About this exercise ::
Where the records below reach the line containing "diamond-shaped wooden lattice", start transcribing, and end with the line containing "Meanwhile, a 3,700-mile-range", exactly and with nothing else added.

Data for this exercise ::
********************
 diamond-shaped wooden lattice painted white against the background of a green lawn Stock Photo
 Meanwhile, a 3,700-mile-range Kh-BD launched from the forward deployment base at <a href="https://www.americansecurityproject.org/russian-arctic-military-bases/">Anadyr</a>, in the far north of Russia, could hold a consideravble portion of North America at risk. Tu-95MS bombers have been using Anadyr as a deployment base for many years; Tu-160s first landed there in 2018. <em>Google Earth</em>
********************
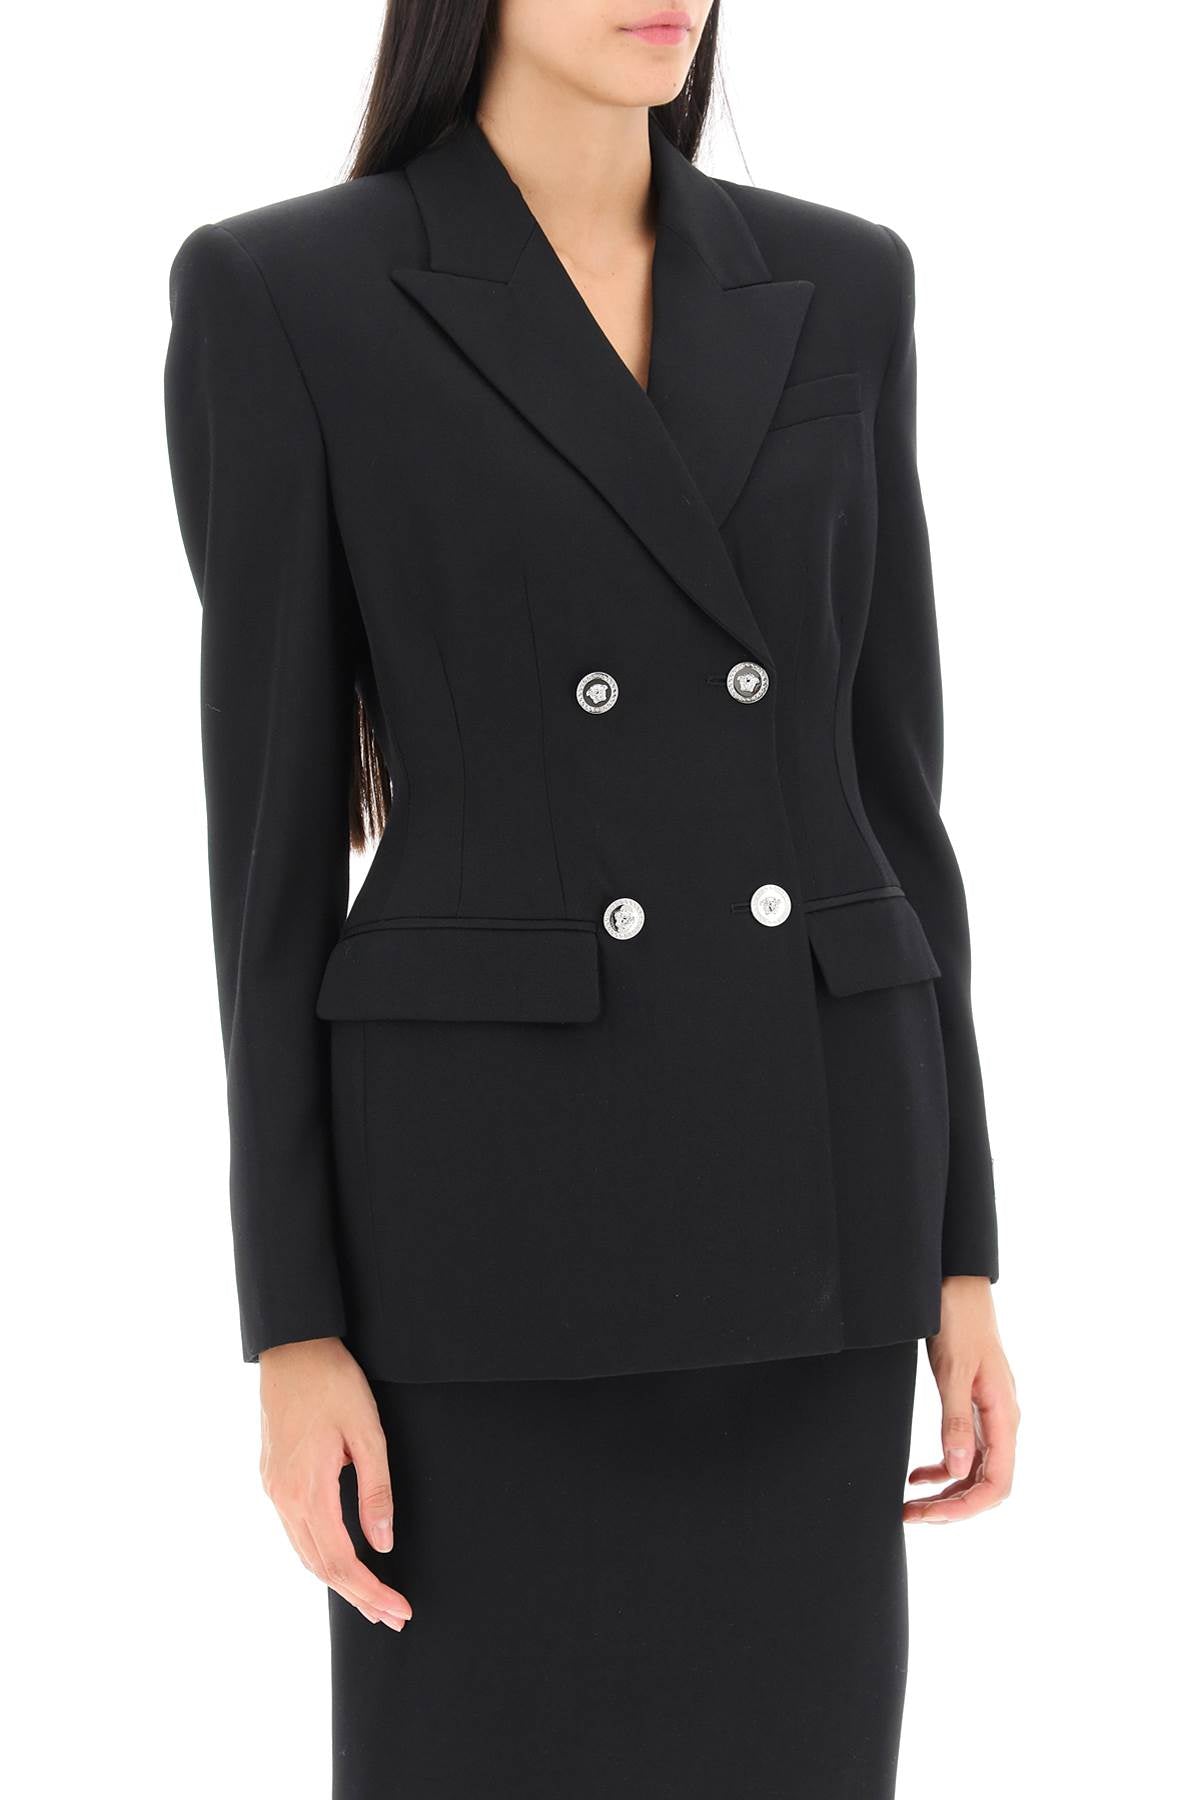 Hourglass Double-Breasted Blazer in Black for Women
********************
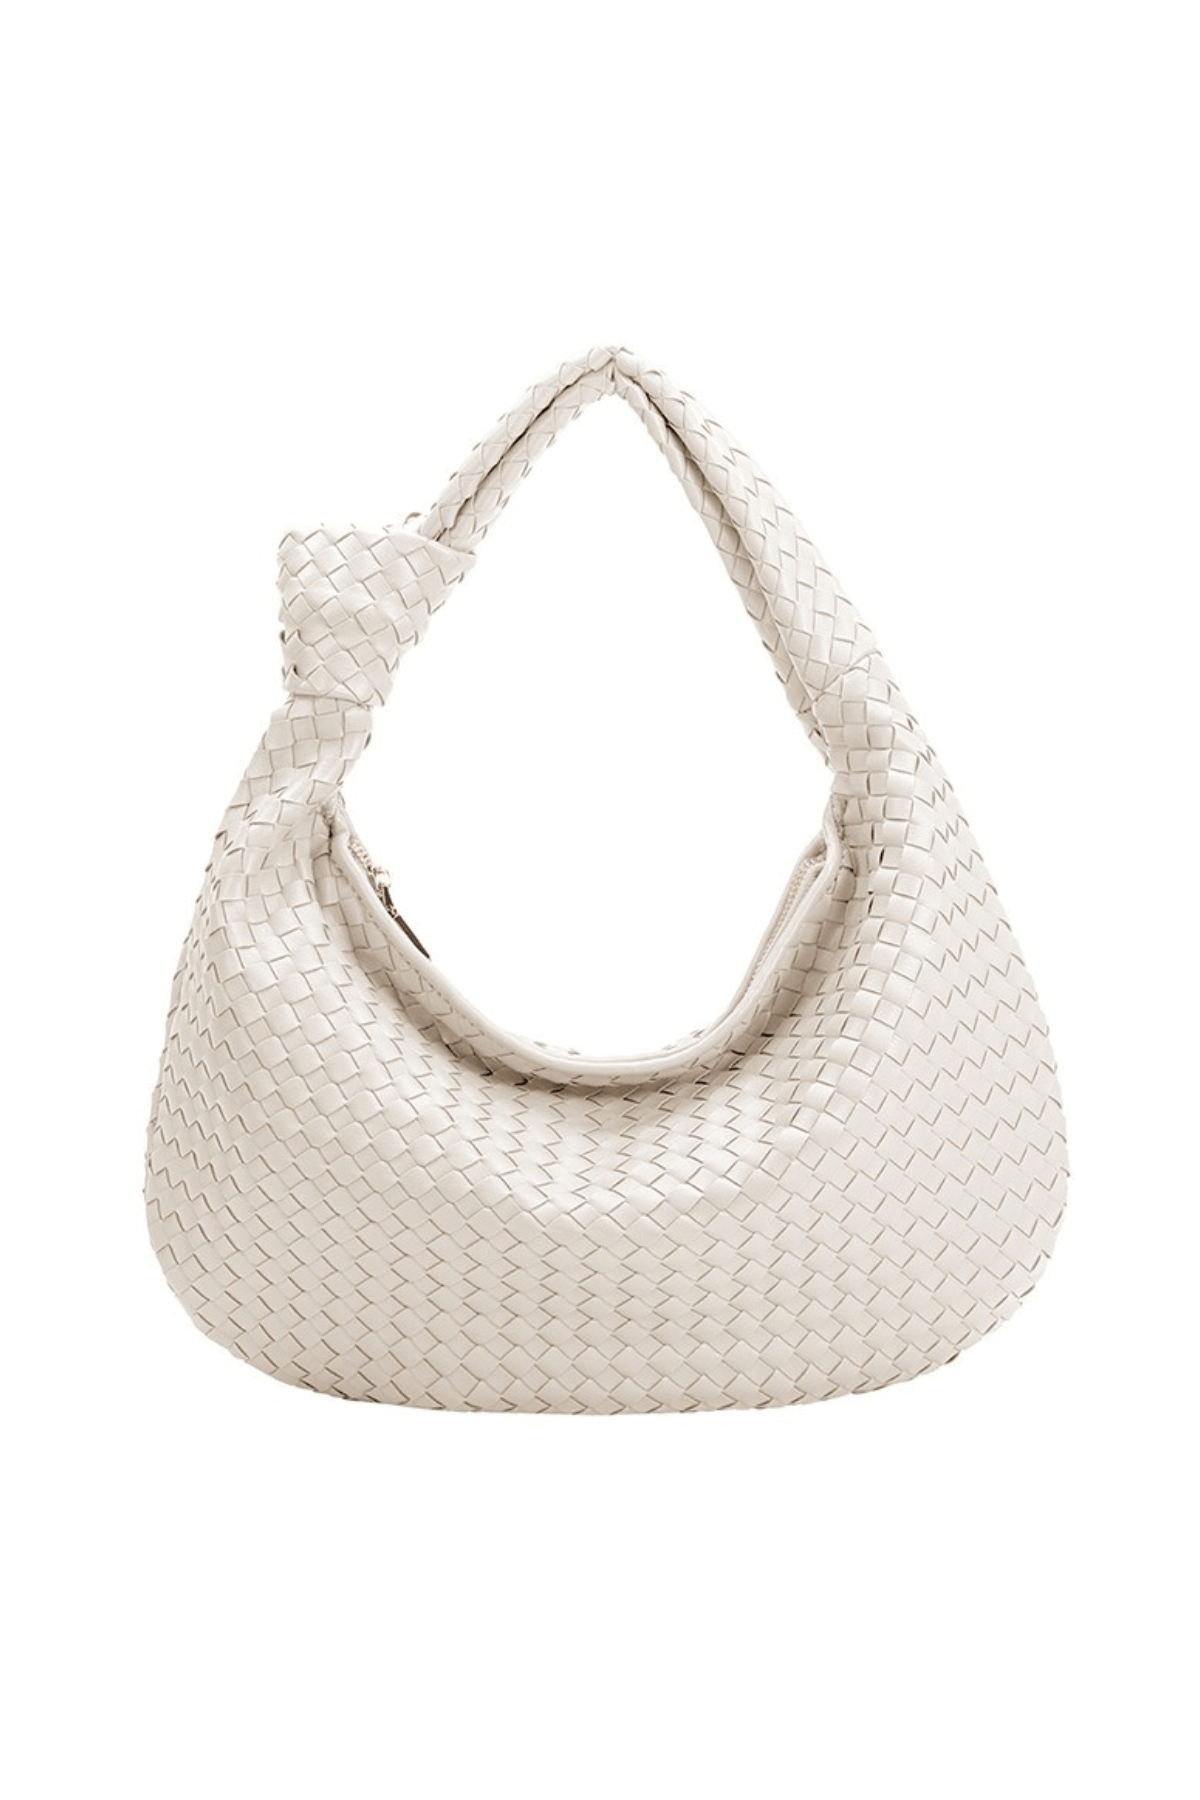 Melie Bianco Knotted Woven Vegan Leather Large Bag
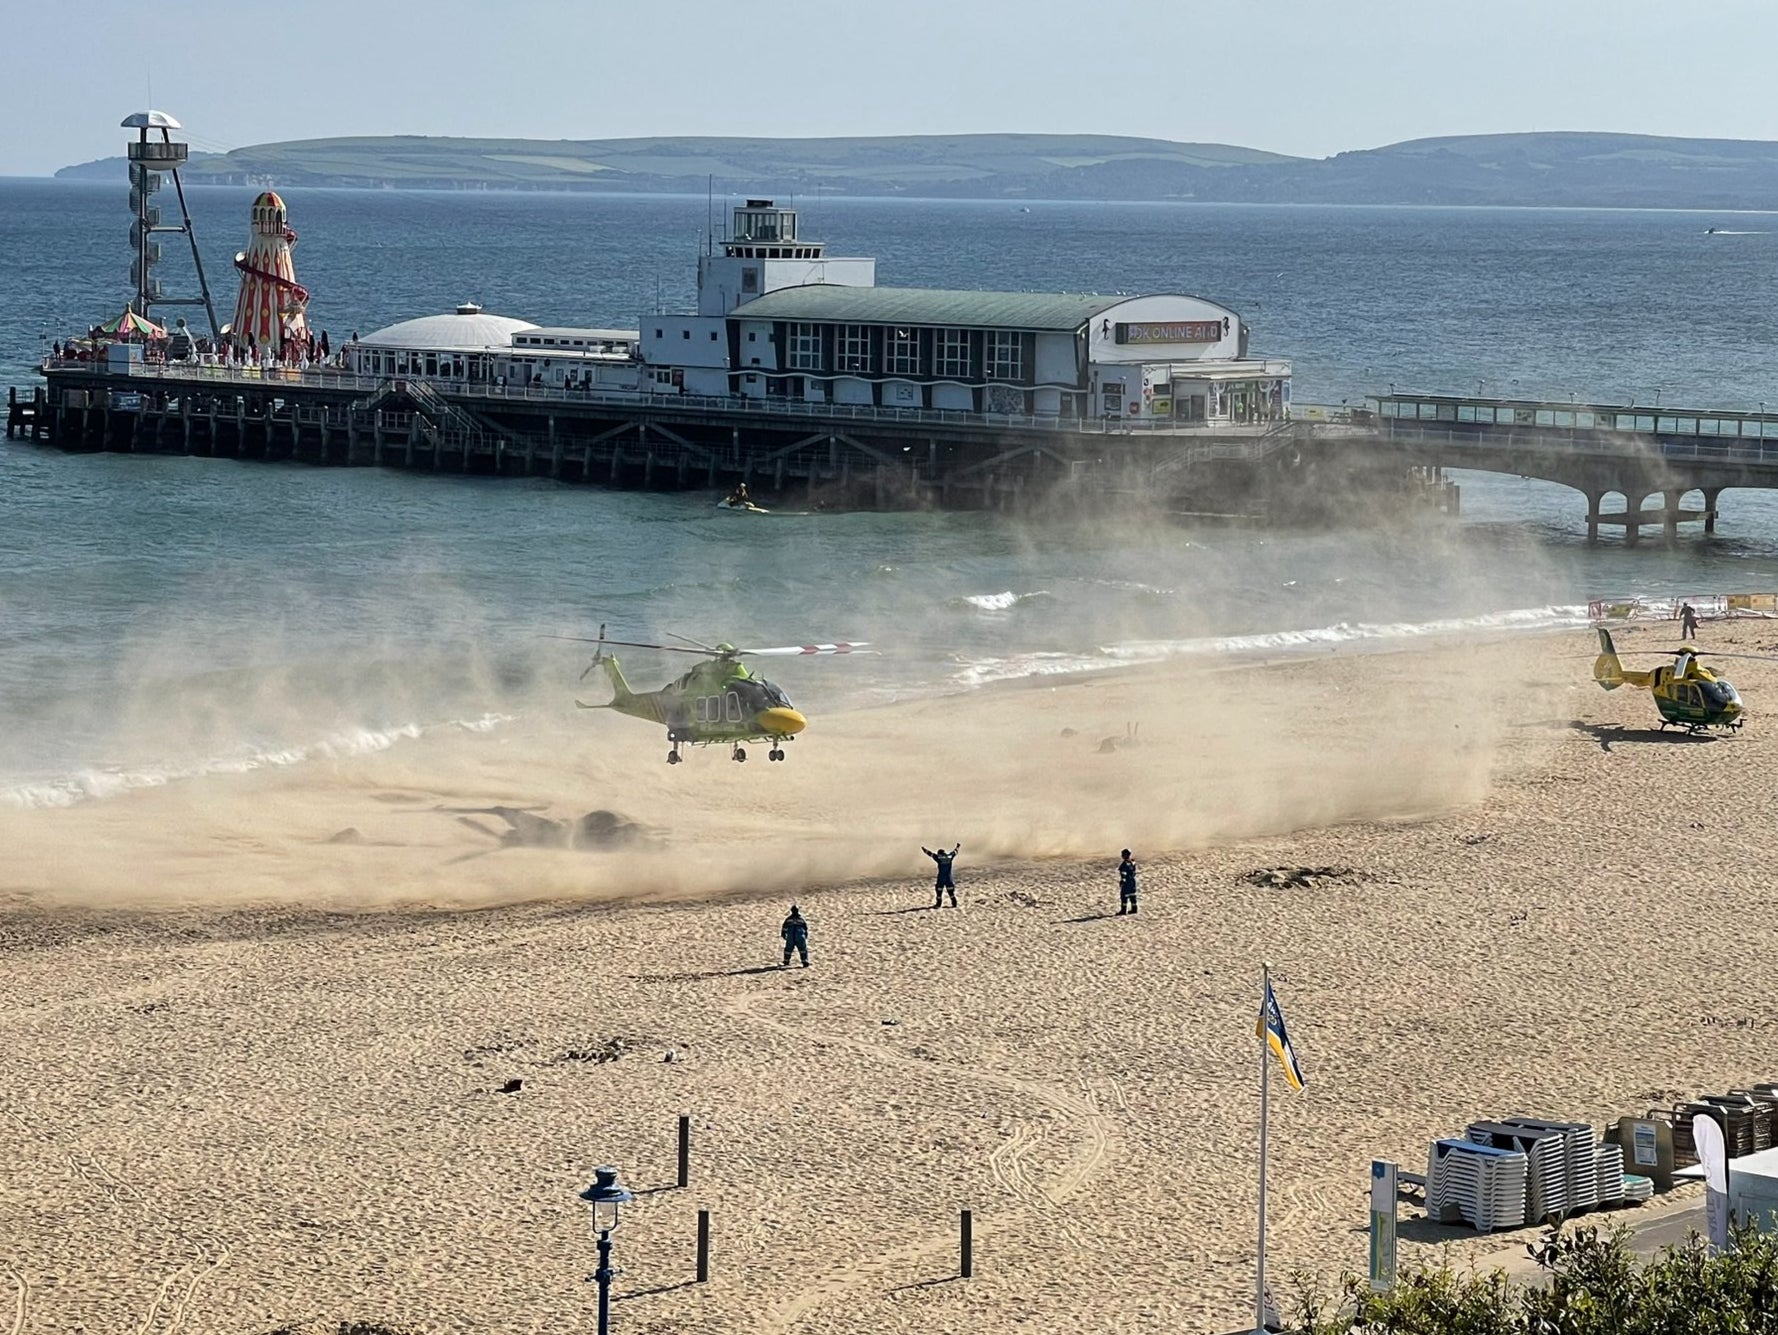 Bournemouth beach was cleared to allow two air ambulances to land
********************
Answer section ::
 diamond-shaped wooden lattice painted white against the background of a green lawn Stock Photo
 Meanwhile, a 3,700-mile-range Kh-BD launched from the forward deployment base at <a href="https://www.americansecurityproject.org/russian-arctic-military-bases/">Anadyr</a>, in the far north of Russia, could hold a consideravble portion of North America at risk. Tu-95MS bombers have been using Anadyr as a deployment base for many years; Tu-160s first landed there in 2018. <em>Google Earth</em>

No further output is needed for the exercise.